Our data showed remarkable asymmetry, in contrast to previous results.[10,12] Earlier structural[12,15] and functional[10,17] studies suggested bilateral abnormality in cortical-basal ganglia-thalamus circuitry regions, including thalamus and putamen, a common pathophysiology in PKD. From the relatively detailed clinical information, we concluded that attacks were predominantly left-sided in 12 patients, including unilateral, bilateral, and alternating cases, and right-sided in 10 patients. Although the difference in number between left- and right-sided patients was small, the asymmetric trend cannot be overlooked. Moreover, diagnosis of the affected sides mainly relied on the history and reports of patients and their parents, which may have caused some bias. The predominant affected side may play an important role in asymmetry of the findings. The number of attacks may additionally contribute to these results. Although the data are not sufficiently accurate and the computing method not particularly appropriate, the total number of attacks should be taken into consideration as an important factor in future studies. Thus, the clinical symptoms of patients may partly explain the asymmetry in our research findings to some extent,[41] but further studies are required for validation.

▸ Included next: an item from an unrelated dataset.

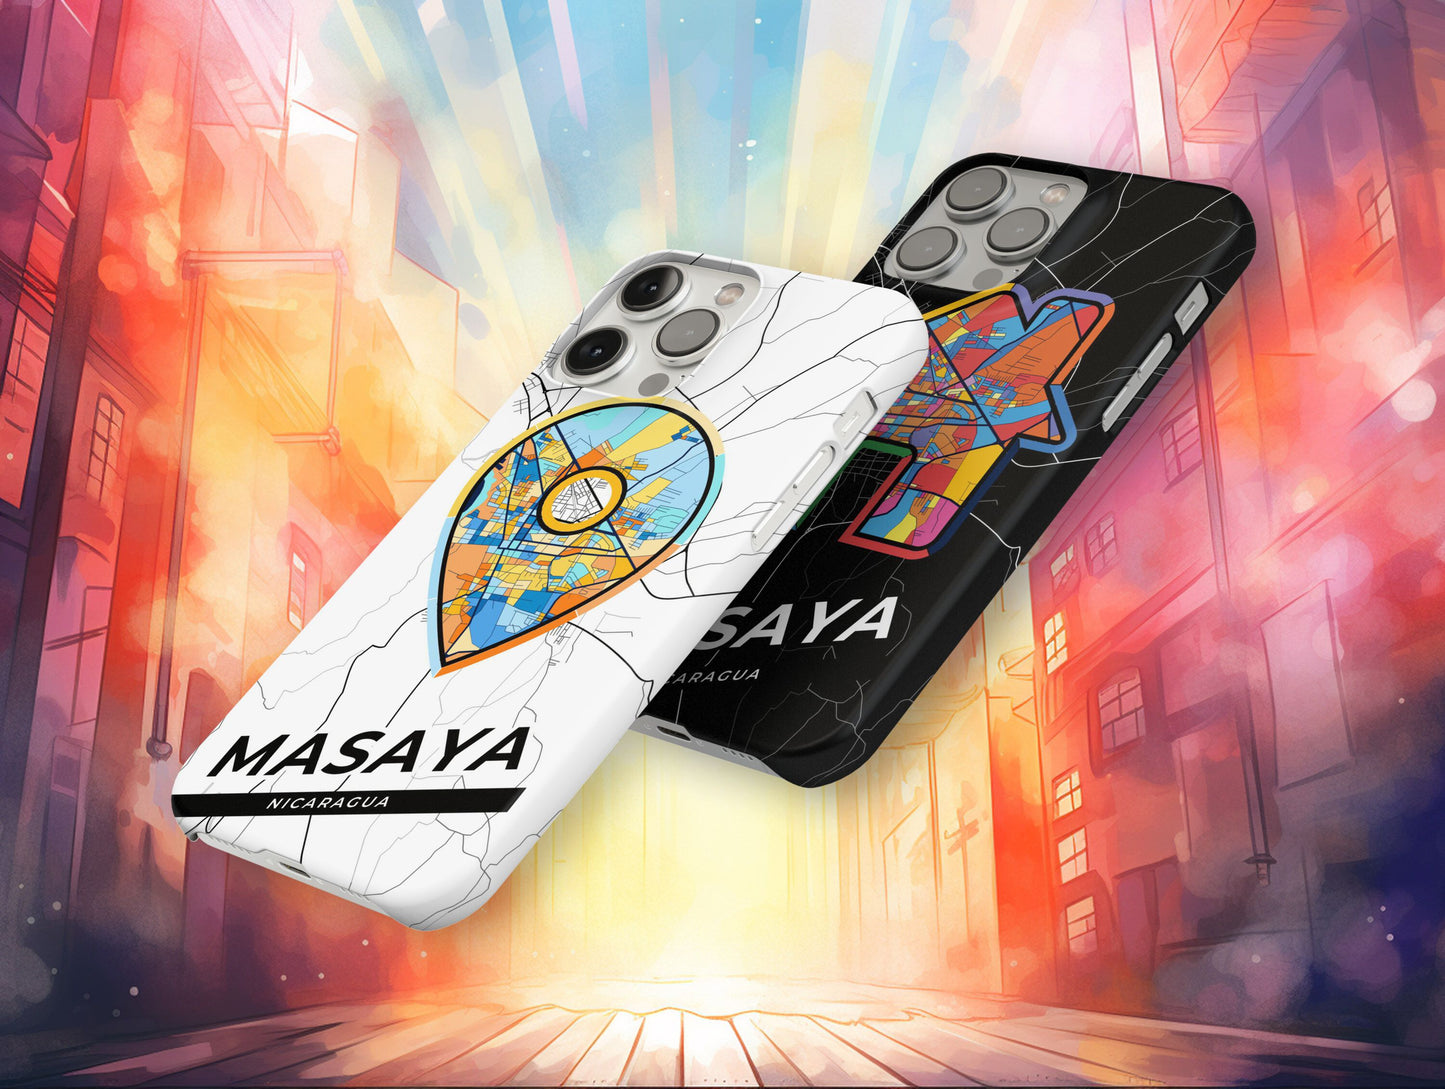 Masaya Nicaragua slim phone case with colorful icon. Birthday, wedding or housewarming gift. Couple match cases.
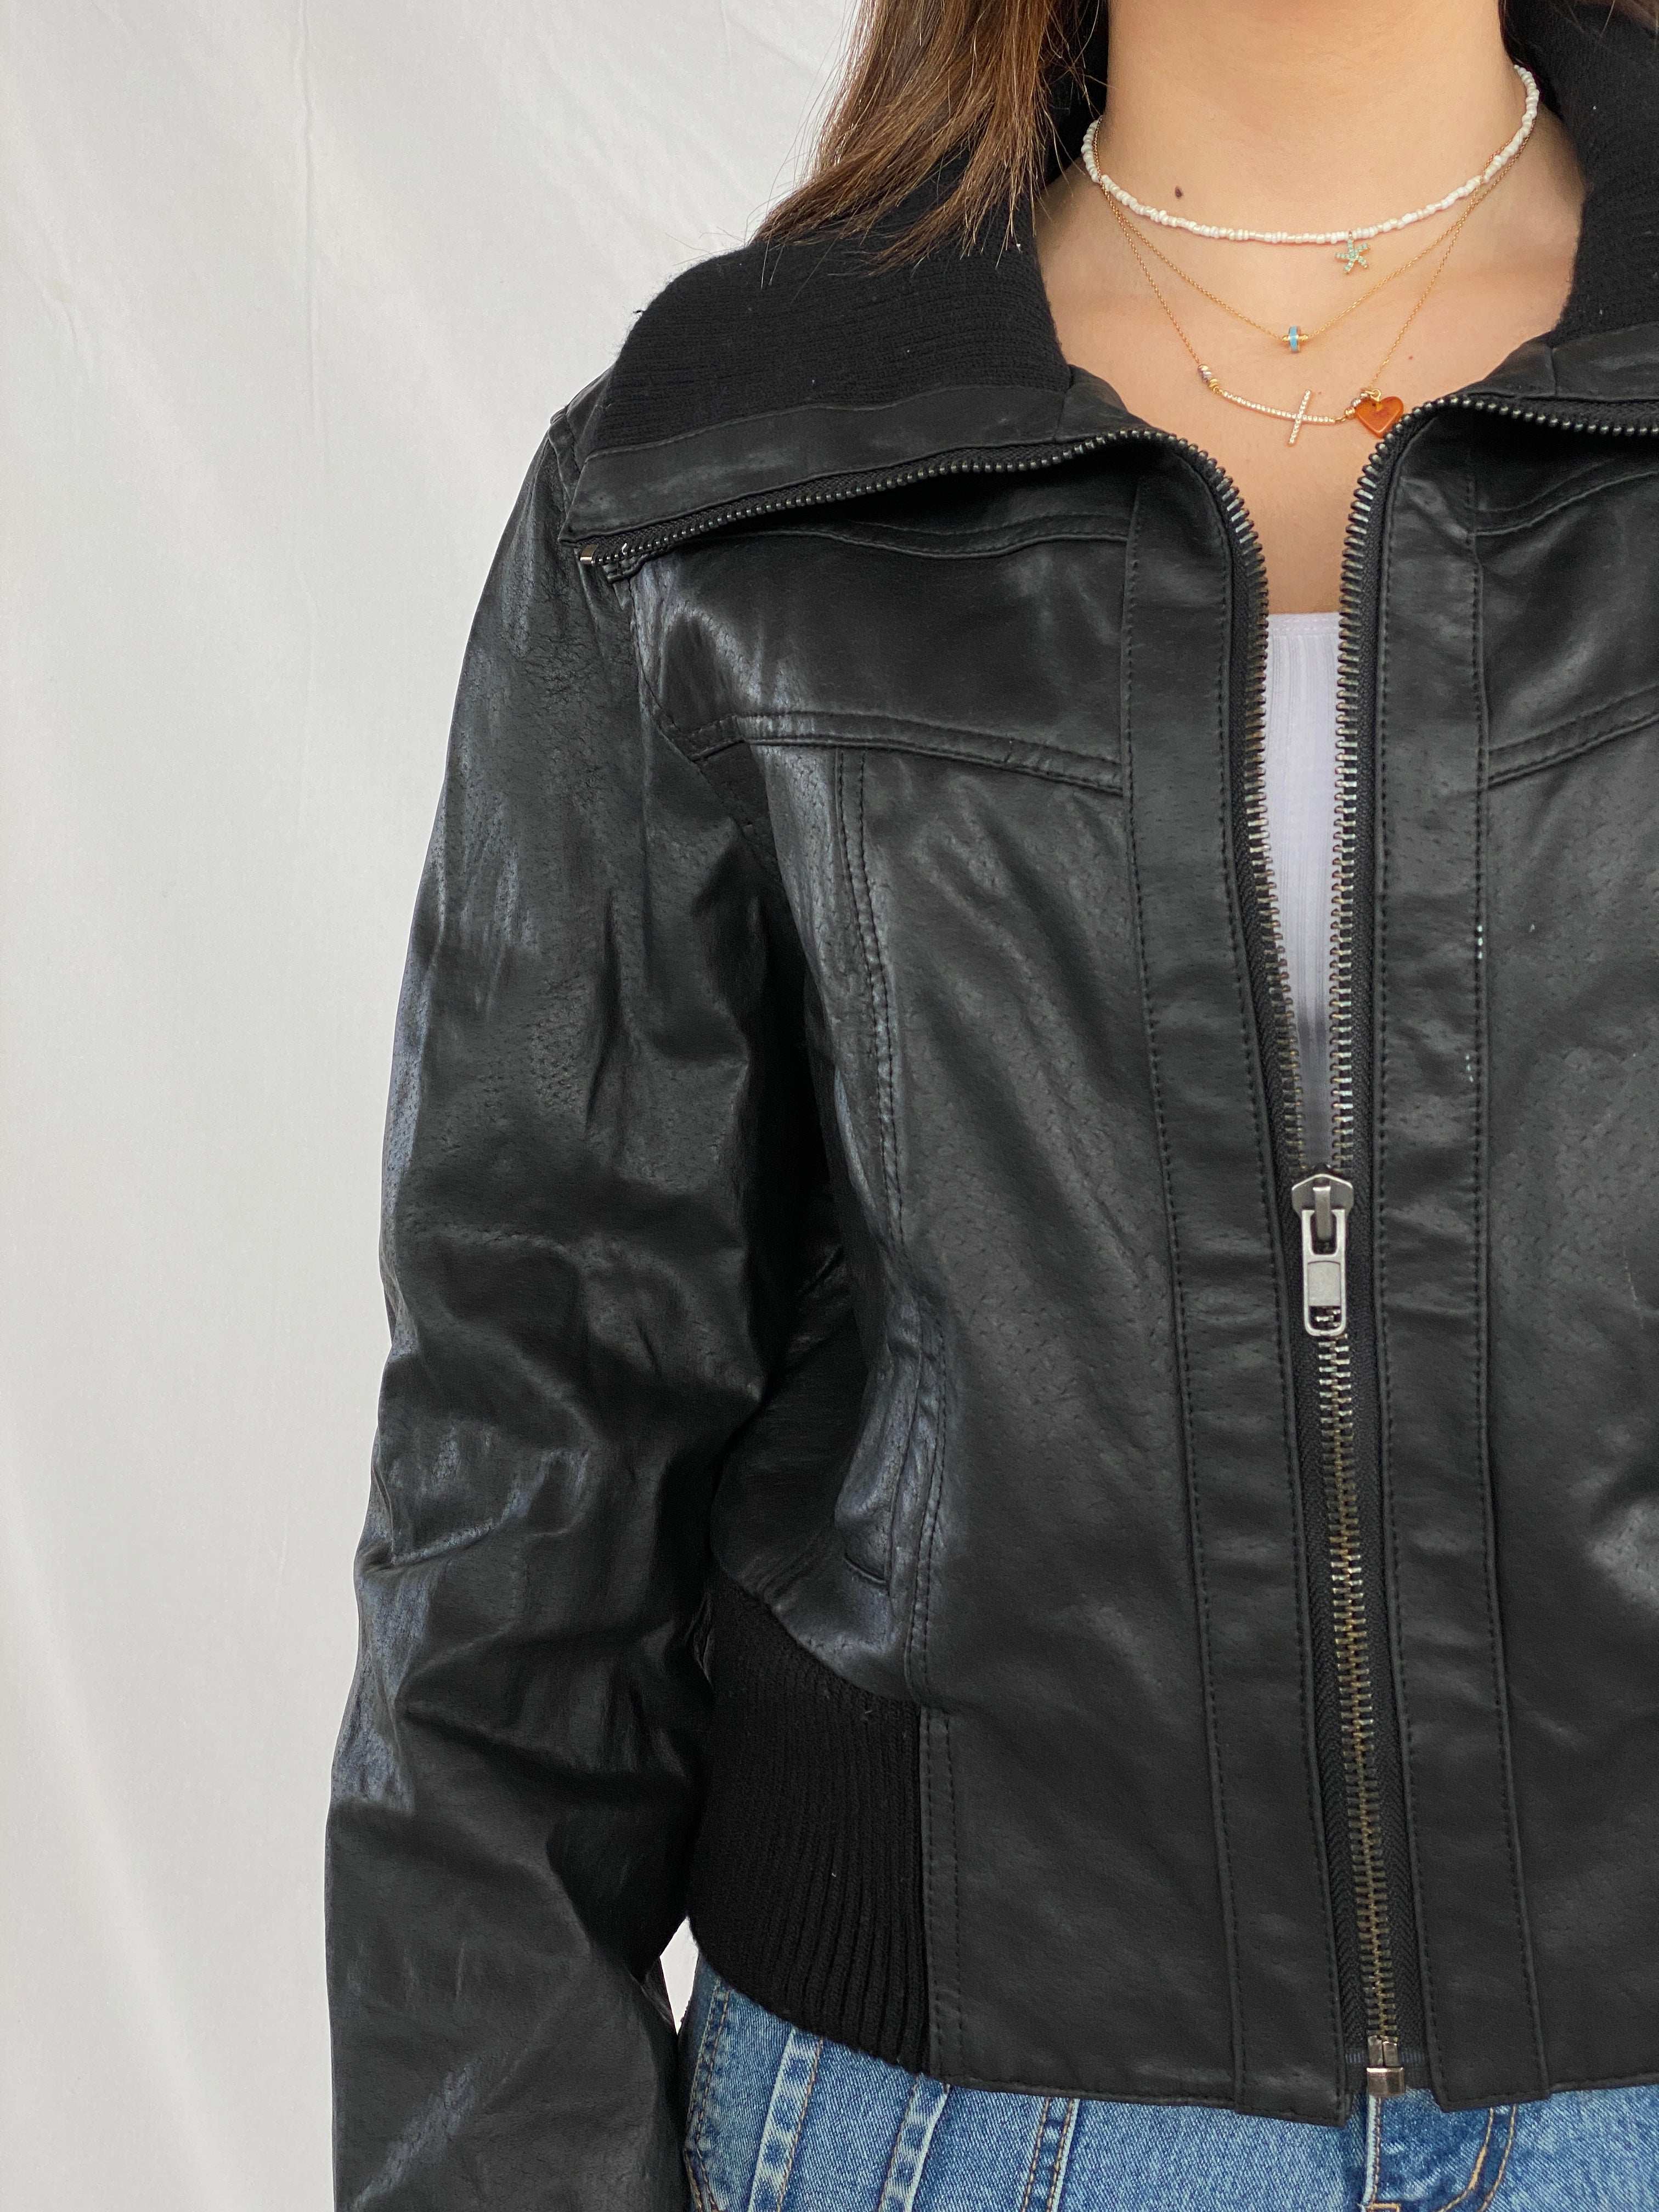 00s Wear Me.. Work Me.. Love Me by New Look Genuine Leather Jacket - Balagan Vintage Leather Jacket 00s, black leather, genuine leather, genuine leather jacket, Juana, leather jacket, NEW IN

We observed differences in the ROC results of specific brain regions at distinct frequencies. Previous resting-state studies on PKD predominantly detected abnormalities in brain function within the low-frequency range (<0.1 Hz).[9,10,17] However, different fMRI signal frequencies may have specific physiological relevance.[26] Consistent with previous findings, higher fMRI fluctuations occurred at the slow-4 band (0.027–0.073 Hz) in cortical structures and at the slow-5 band (0.01–0.027 Hz) in subcortical structures.[25] Our current findings suggest that frequency-specific local synchronization potentially contributes to diagnosis of PKD.

Limitations

This study has several limitations. First, the sample size, particularly that of PKD-C patients, was relatively small. In addition, functional findings were possibly confounded by effects of antiepileptic drugs that affect normal brain function. Third, only part of the patients (12/22 PKD-D patients, 6/10 PKD-C patients) took the PRRT2 gene test in the present study. Among these patients who were tested for the PRRT2 gene, 4 out of the 12 PKD-D patients and 2 out of the 6 PKD-C patients were identified with PRRT2 mutations. The frequency of PRRT2 mutations did not differ between the PKD-D and PKD-C groups (chi-square test, P = 0.46). It is possible that our small sample size did not provide sufficient statistical power to detect the difference. The absence of difference in the frequency of PRRT2 mutations between the 2 groups is consistent with a previous finding from Huang et al.[8] In that study, the authors found no difference in the frequency of PRRT2 mutations between their PKD-D (15/59 PRRT2 mutation vs 44/59 non-PRRT2 mutation) and PKD-C (2/4 PRRT2 mutation vs 2/4 non-PRRT2 mutation) patients. A recent investigation revealed differences in intrinsic brain activity between PKD with and without PRRT2 mutations.[9] Accordingly, we intend to conduct studies focusing on brain local synchronization between different genotypes of PKD in the near future. Finally, in the present study, we specifically analyzed regional functional measurements and did not take into account the brain connectome as a whole. Further research using multimodal methods may aid in completely defining the underlying mechanisms of the disease.

CONCLUSION

The present study investigated the resting-state local synchronization to determine the neural basis of PKD-D and PKD-C. The present results showed different ReHo between PKD-D and PKD-C groups in the right precuneus, right putamen, and right angular gyrus at the slow-5 frequency band (0.01–0.027 Hz), suggesting frequency-specific abnormal synchronous brain activity in PKD. Our findings collectively provide new insights into the pathophysiology of PKD.